Zing Forum

Reading

Autonomous LLM-Guided Disease Prediction System: Real-Time Matching and Surpassing CDC Expert-Ensembled Models

This article introduces an autonomous system using large language model (LLM)-guided tree search, which underwent prospective real-time evaluation during the 2025-2026 U.S. respiratory infectious disease season. The system autonomously discovers prediction models for influenza, COVID-19, and RSV, and its ensemble results match or surpass the gold standard curated manually by the CDC.

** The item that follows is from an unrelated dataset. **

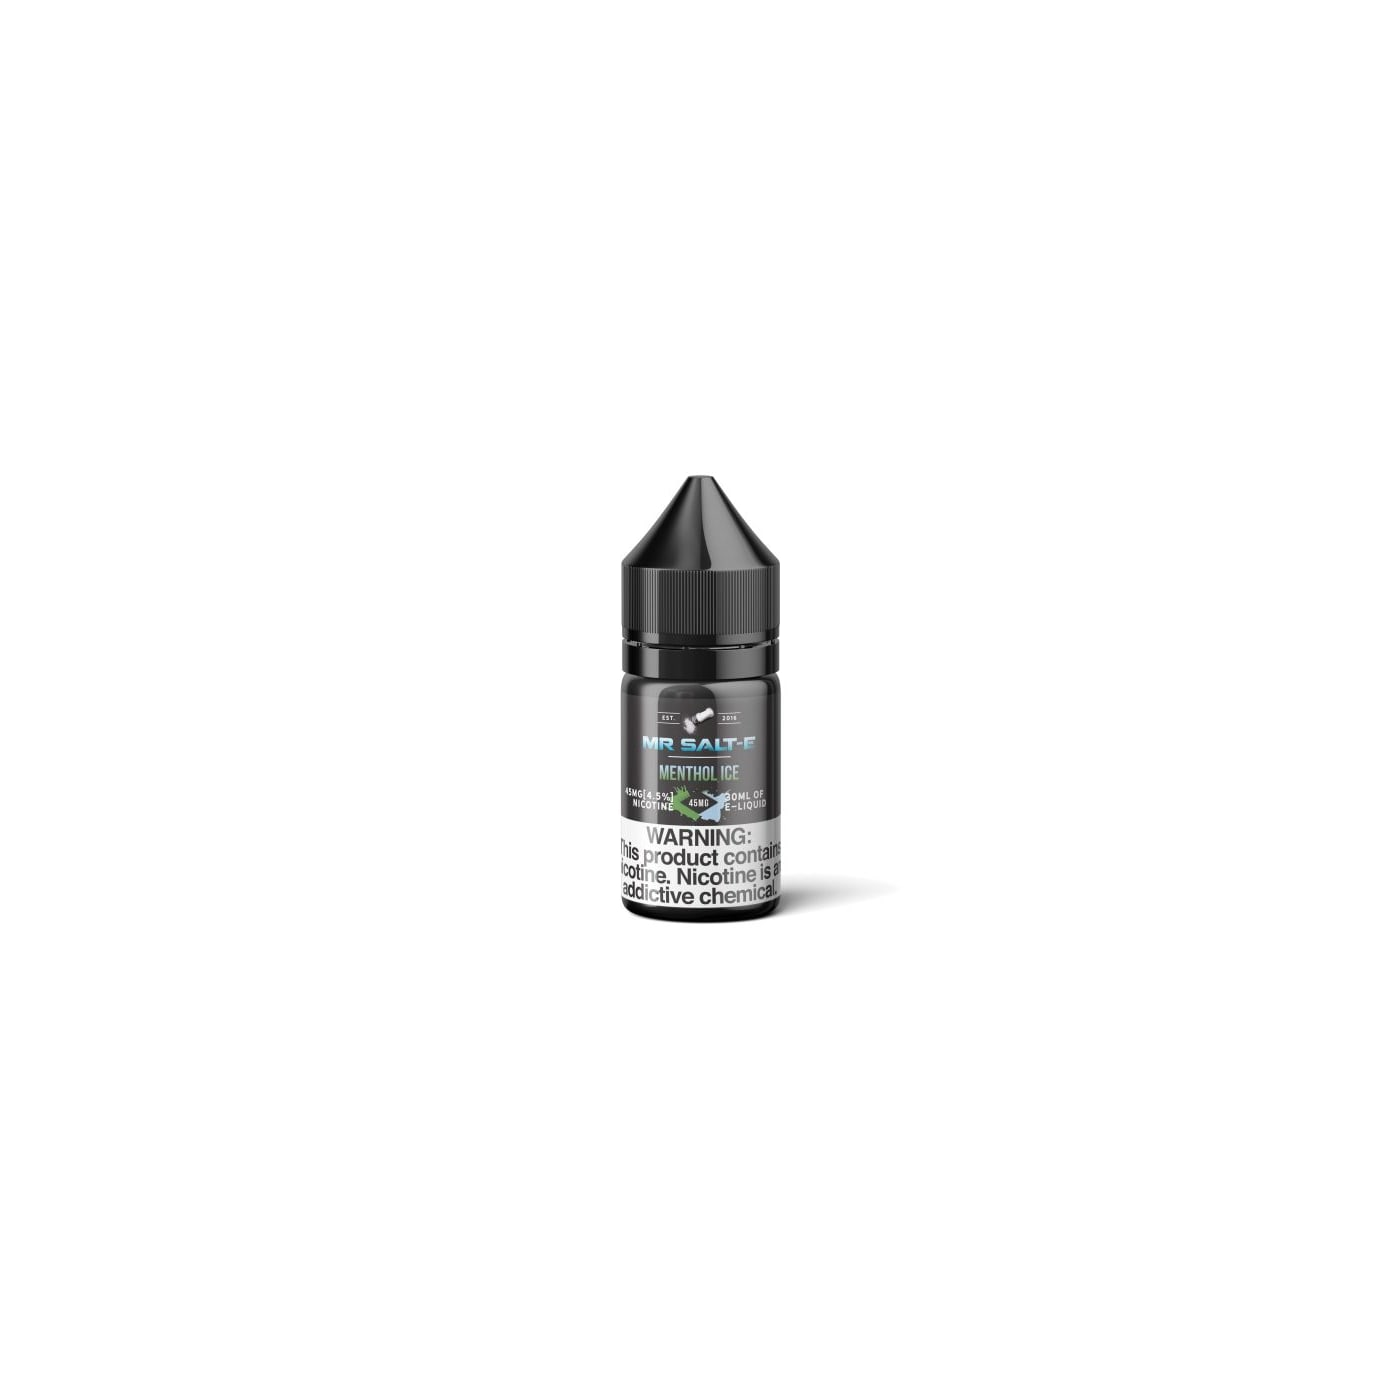 Menthol Ice 30ml E-liquid by Mr. Salt-E

疾病预测大语言模型树搜索流行病学公共卫生自主系统集成模型
Published 2026-05-16 01:45Recent activity 2026-05-18 11:27Estimated read 6 min
Autonomous LLM-Guided Disease Prediction System: Real-Time Matching and Surpassing CDC Expert-Ensembled Models
1

Section 01

【Introduction】Autonomous LLM-Guided Disease Prediction System: Real-Time Surpassing of CDC Expert-Ensembled Models

This article introduces an autonomous disease prediction system using large language model (LLM)-guided tree search. The system underwent prospective real-time evaluation during the 2025-2026 U.S. respiratory infectious disease season, autonomously discovering prediction models for influenza, COVID-19, and RSV. Its ensemble results match or surpass the gold standard manually curated by the CDC, breaking through the labor bottleneck of traditional infectious disease prediction.

2

Section 02

Research Background: Labor Bottleneck in Infectious Disease Prediction

Probabilistic prediction of infectious diseases is crucial for public health decisions (e.g., resource allocation, vaccine planning). However, traditional methods rely on labor-intensive expert model curation: manual model development requires collaboration across multiple teams, has long iterative optimization cycles, and poor scalability (difficult to quickly respond to new pathogens or fine-grained regional predictions).

3

Section 03

System Approach: Autonomous Architecture of LLM-Guided Tree Search

The core architecture of the system consists of three parts: 1. LLM-guided code generation (exploring model architectures, generating executable code, translating epidemiological theories); 2. Tree search optimization (Monte Carlo Tree Search explores the code space and expands based on performance feedback); 3. Automatic judge mechanism (checking theoretical consistency, structural fidelity, and interpretability). The system can autonomously discover diverse models such as mechanistic models, statistical models, machine learning methods, and hybrid approaches.

4

Section 04

Prospective Evaluation: 2025-2026 Season Results Match CDC Gold Standard

Evaluation setup: During the 2025-2026 U.S. respiratory season, predicting the number of influenza, COVID-19, and RSV cases for the next 1-4 weeks, with real-time predictions generated weekly. Core results: The system's ensemble model consistently matches or surpasses the gold standard of CDC expert ensembles, and in cold-start scenarios with scarce RSV data, it maintains competitiveness through transfer learning and adjusting model complexity.

5

Section 05

Ablation Experiments: Validating the Effectiveness of Key Design Decisions

Ablation experiments validate key designs: 1. Log-scale distance metrics can prevent reward hacking (avoiding model fitting to extreme values); 2. The automatic judge mechanism ensures generated models comply with epidemiological principles, avoiding black-box models that perform well statistically but are scientifically unreasonable.

6

Section 06

Public Health Implications: Synergistic Enhancement of Automation and Specialization

Research implications: 1. Integration of automation and specialization (LLM explores model space + expert knowledge encoded into the judge mechanism); 2. Breaking through scalability bottlenecks (rapid deployment to new regions/pathogens, supporting fine-grained predictions); 3. Transparency and interpretability (generated code is readable, has clear theoretical support, and provides uncertainty quantification).

7

Section 07

Limitations, Future Directions, and Conclusion

Limitations: High computational cost, dependence on data quality, unproven generalization ability for extreme events, and ethical considerations. Future directions: Developing efficient search algorithms, integrating multi-modal data, establishing real-time feedback mechanisms, and optimizing human-machine collaboration interfaces. Conclusion: This system marks the transition of infectious disease prediction from manual development to automated intelligent systems, and AI will play an important role in the field of public health.